At the hardware asset level we get state and operation through some SNMP tools, virtual resource level we are currently managing with the interface provided by OpenStack and other management platforms, and we manage Linux and applications on our own core scheduling system.

Our entire platform is a deployment of the right to use, in addition to the following cache and all other components of MySQL are all container-based deployments, using Apache, Haproxy, keepalived on the front end, and the backend using JBoss, RABBITMQ, Ansible, Zookeeper; data storage using MySQL, Redis, ceph, etc. in addition we have a Security Service module to check if there are some high-risk operations.

Business Flow Technology

is our specific business process, on the left is our cloud operations platform interface, an operations request will be encapsulated as a message will be placed in the message queue, the schedule module receives the message, according to the scheduling algorithm, automatically assigned to the Ansible node, The Ansible node executes through SSH to the server and asynchronously returns the execution result to the message queue.

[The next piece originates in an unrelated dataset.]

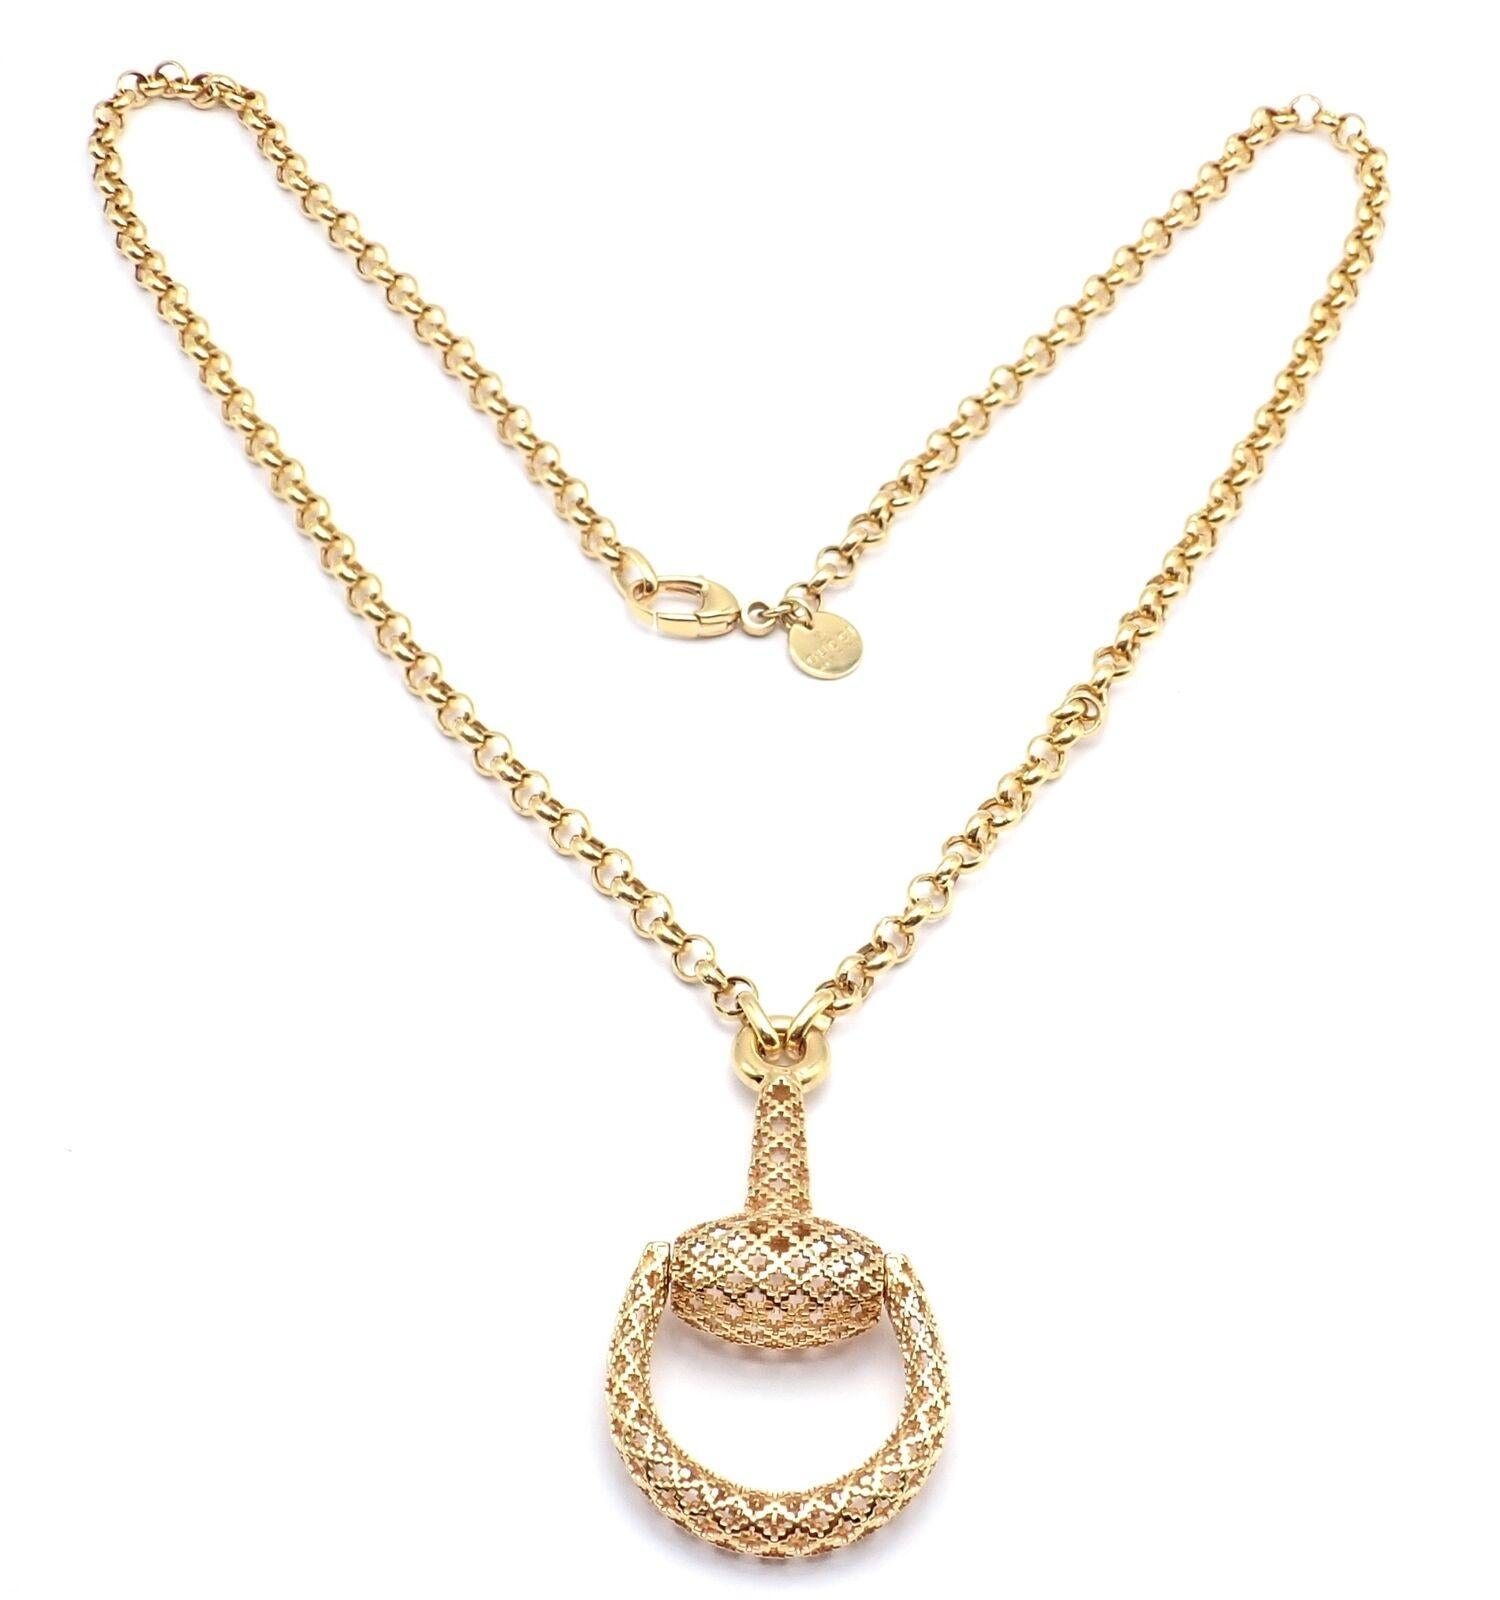 Gucci Large Horsebit Pendant Link Chain Necklace In Excellent Condition For Sale In Holland, PA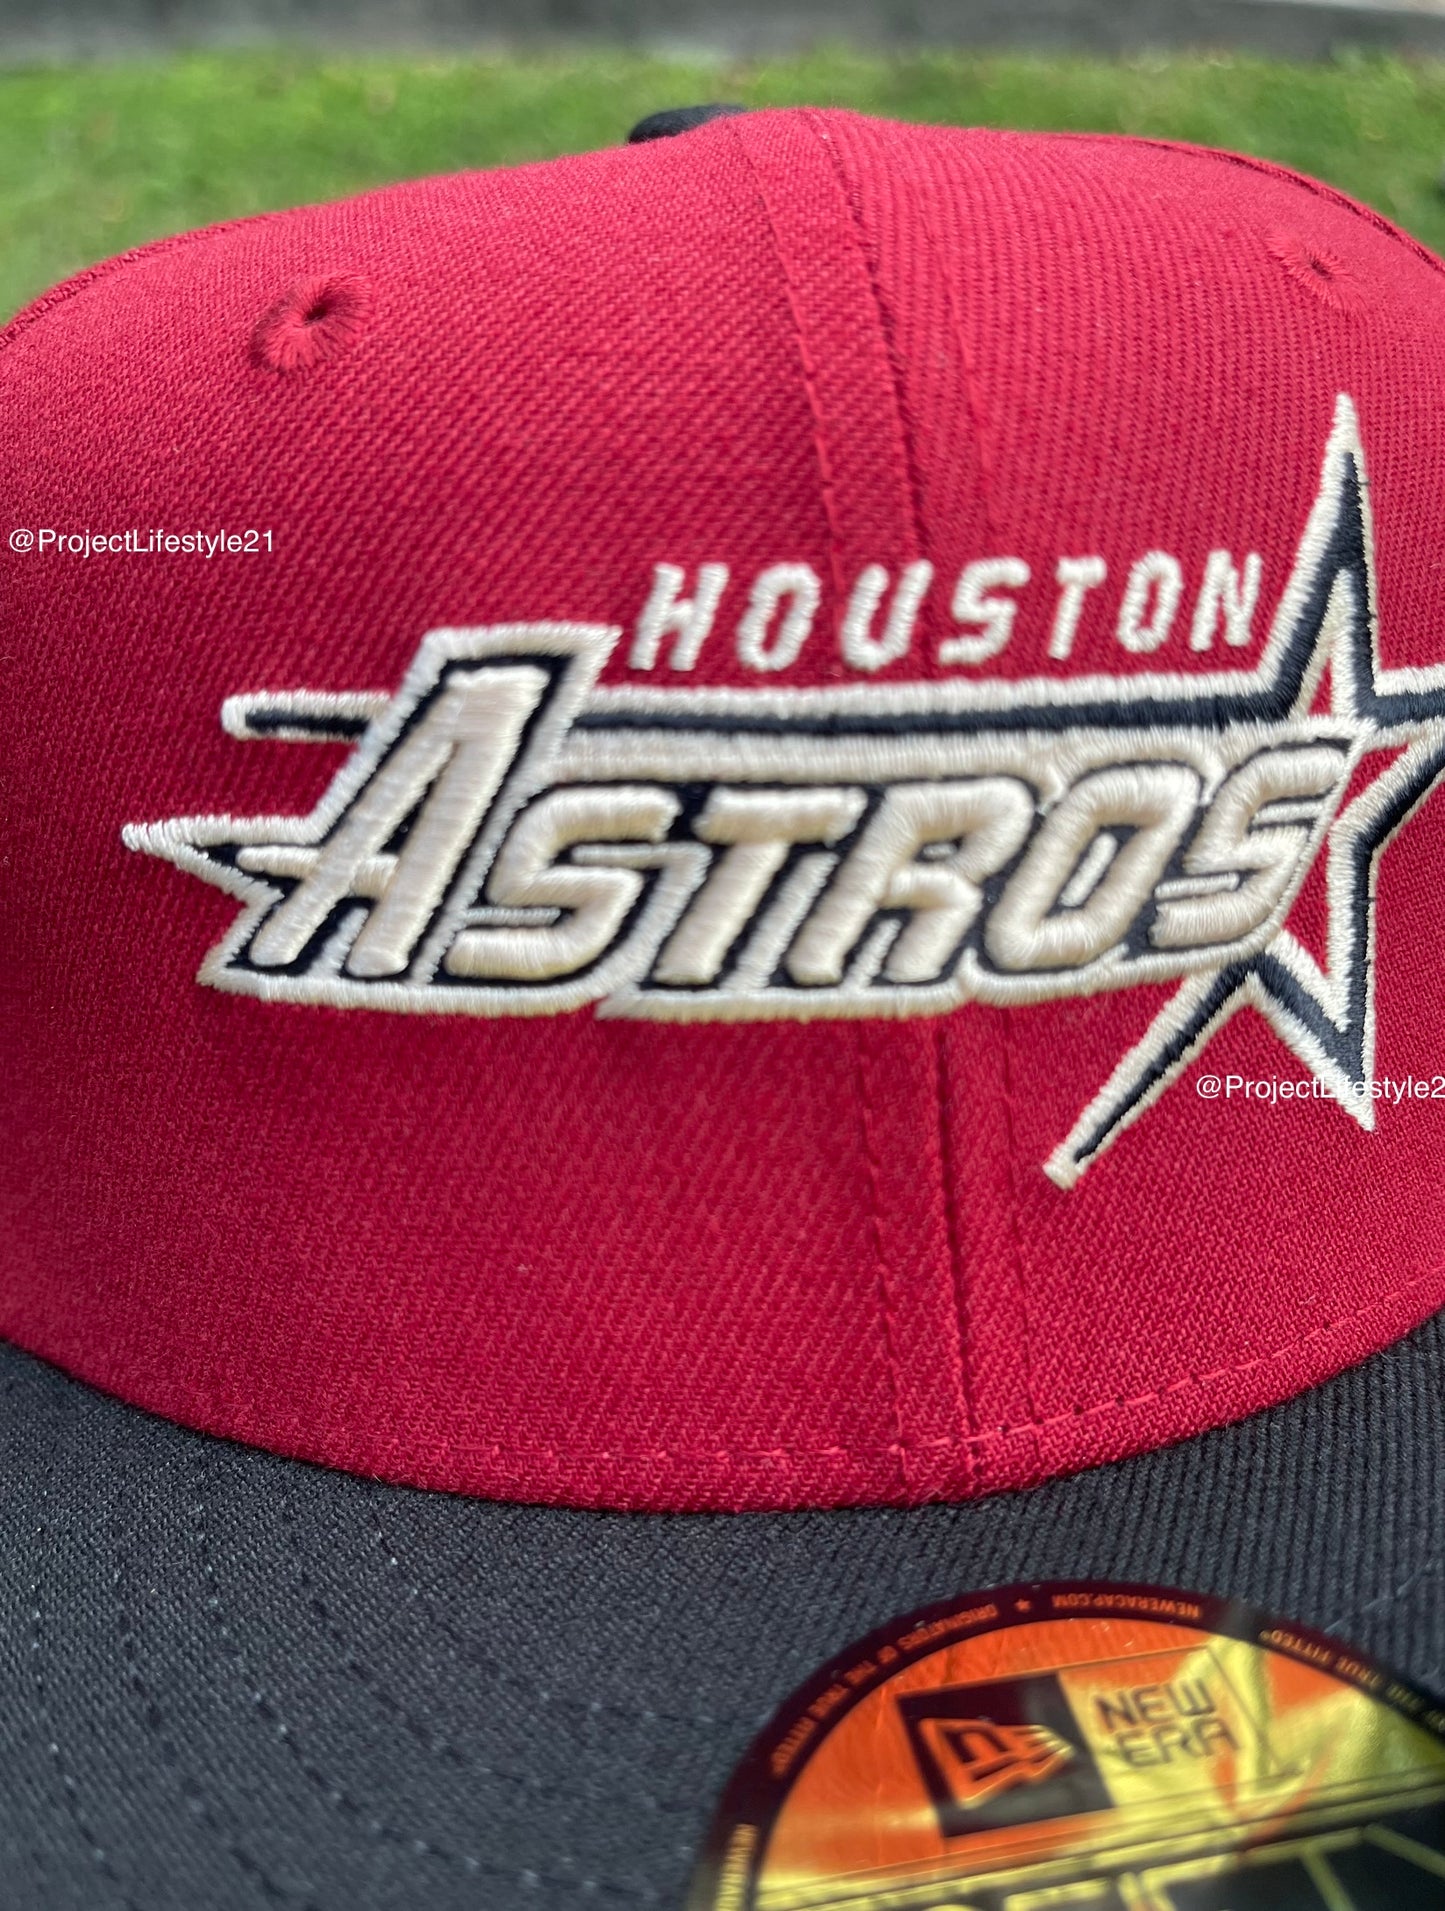 Houston Astros Astrodome Patch Fitted Hat (Brick Red/Black)

Schedule scheduling algorithm and Ansible distributed architecture

Schedule scheduling algorithm, we consider that our production environment has a lot of partitions, we will automatically generate a zone based on his IP tag,schedule after discovering these messages, he will be on your tag and target machine data splitting, we have this detailed split several messages, Ansible to subscribe to handle its own messages.

We have a transformation on the ansible, all tasks have a unique ID, the processing is completed after the return of the message, in order to achieve multi-tasking concurrent asynchronous execution.

Visualization of data

In the aspect of data visualization, we collect information through the collector, synchronize other platform information through Synchronizer, store in the core database, make the comparison alarm through the threshold library, analyze the function library for performance analysis, and generate some reports for our operation and maintenance to visualize the management.

Bank card Organization cloud operation and maintenance platform achievements show

Our platform for the construction of the results, we have the platform above has been completely built some parts, and some features we are in the development, this is our actual in-line platform, about thousands of too virtual server, we first see this information center inside there is a room, we see some cabinets, and configure which servers in each enclosure.

This switch/f5-the physical server-Virtual Server automatic Topology page, is we according to the SNMP crawl switch, the F5 information, through the anbible grasping the physical machine information, through OpenStack crawls the virtual machine the information, according to the above message to generate the topology automatically.

Data synchronization allows you to customize timing capture data.

This is an actual backup management function, we can use our platform to select the appropriate server, through the platform self-timer, instant backup.

Self-service startup item management.

Self-service scheduled task management.




Original address of this article: http://www.linuxprobe.com/make-cloud-devops.html

free to provide the latest Linux Technical Tutorials Books for open-source technology enthusiasts to do more and better: Http://www.linuxprobe.com/thread


How to build a high-force cloud operations platform?

Contact Us

The content source of this page is from Internet, which doesn't represent Alibaba Cloud's opinion; products and services mentioned on that page don't have any relationship with Alibaba Cloud. If the content of the page makes you feel confusing, please write us an email, we will handle the problem within 5 days after receiving your email.

If you find any instances of plagiarism from the community, please send an email to: info-contact@alibabacloud.com and provide relevant evidence. A staff member will contact you within 5 working days.

A Free Trial That Lets You Build Big!

Start building with 50+ products and up to 12 months usage for Elastic Compute Service

  • Sales Support

    1 on 1 presale consultation

  • After-Sales Support

    24/7 Technical Support 6 Free Tickets per Quarter Faster Response

  • Alibaba Cloud offers highly flexible support services tailored to meet your exact needs.